**Problem details**.
The answer should be an exact repeat of the stretch of material below from the line containing "a group of colored" through the line containing "Cisco Systems VPN".

**Excerpted data**.

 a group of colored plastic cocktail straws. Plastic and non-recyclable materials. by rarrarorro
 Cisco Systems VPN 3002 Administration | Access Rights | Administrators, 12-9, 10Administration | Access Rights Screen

---

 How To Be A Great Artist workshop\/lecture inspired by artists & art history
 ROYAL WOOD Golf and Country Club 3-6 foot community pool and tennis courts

--

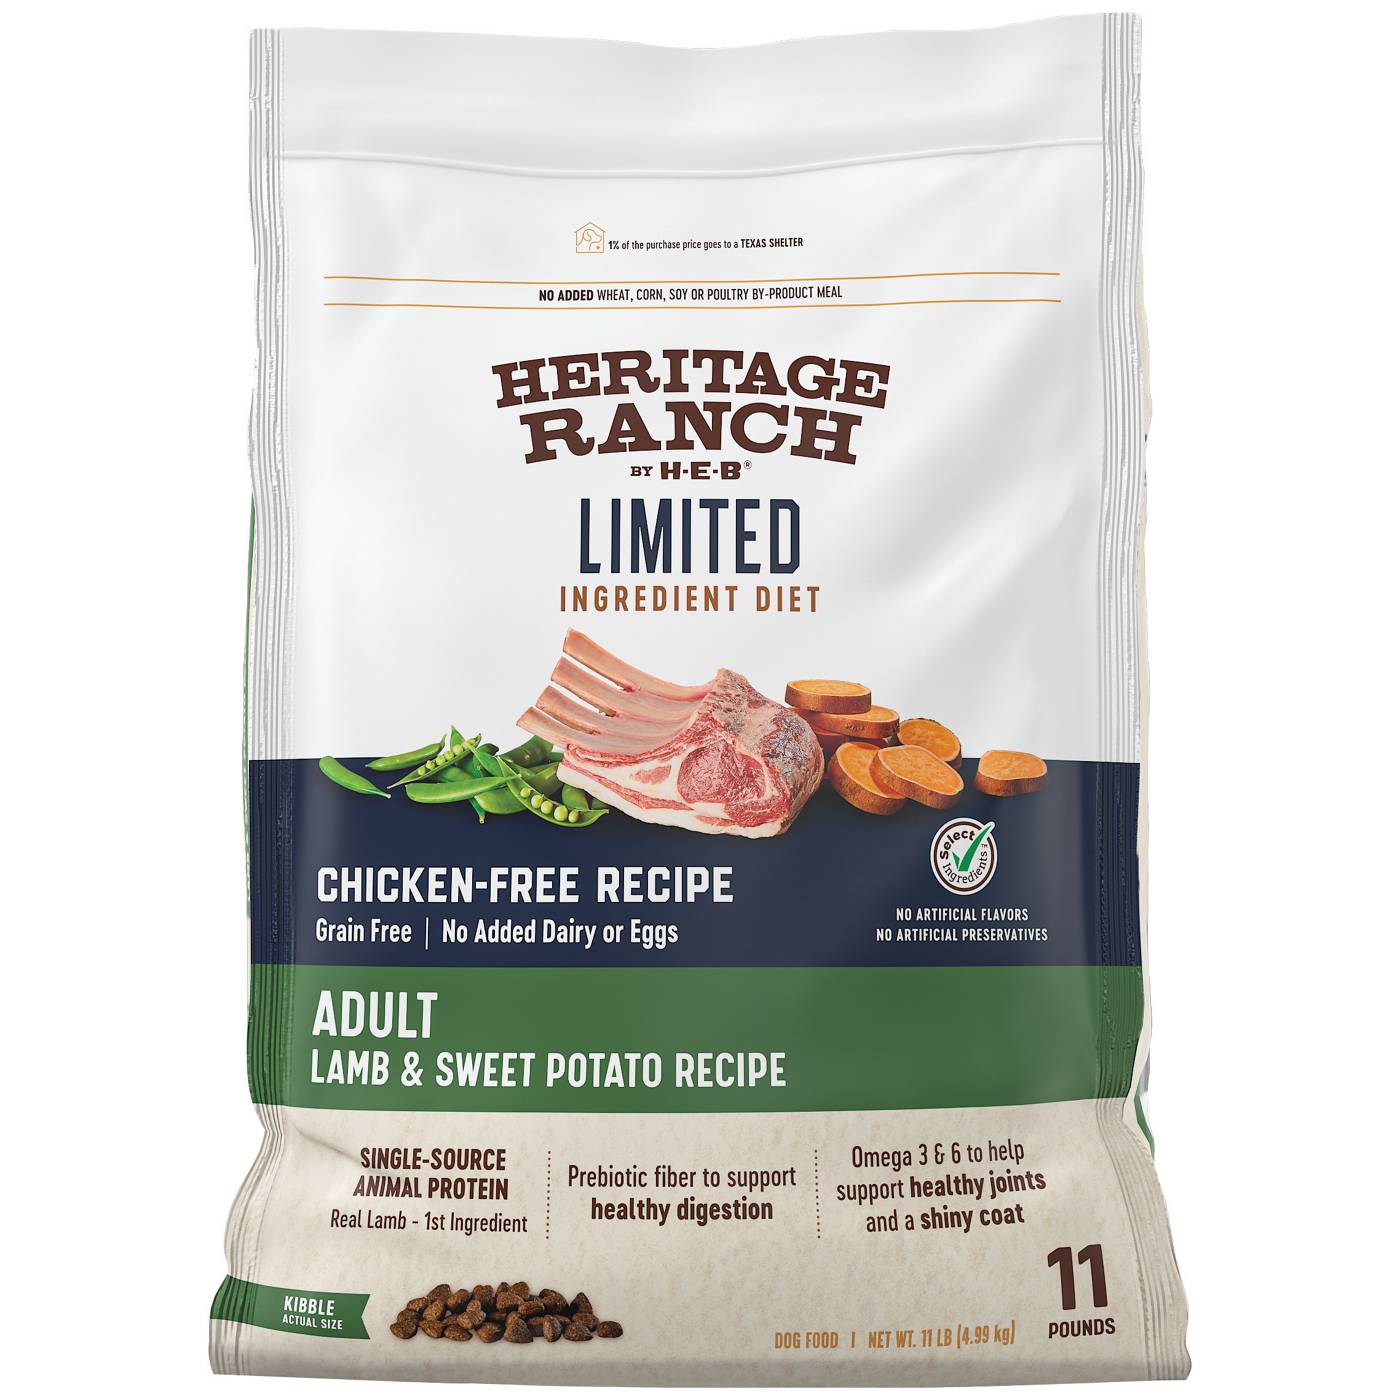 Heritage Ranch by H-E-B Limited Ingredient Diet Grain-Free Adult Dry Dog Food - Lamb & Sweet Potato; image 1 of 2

**Output for this exercise**.
 a group of colored plastic cocktail straws. Plastic and non-recyclable materials. by rarrarorro
 Cisco Systems VPN 3002 Administration | Access Rights | Administrators, 12-9, 10Administration | Access Rights Screen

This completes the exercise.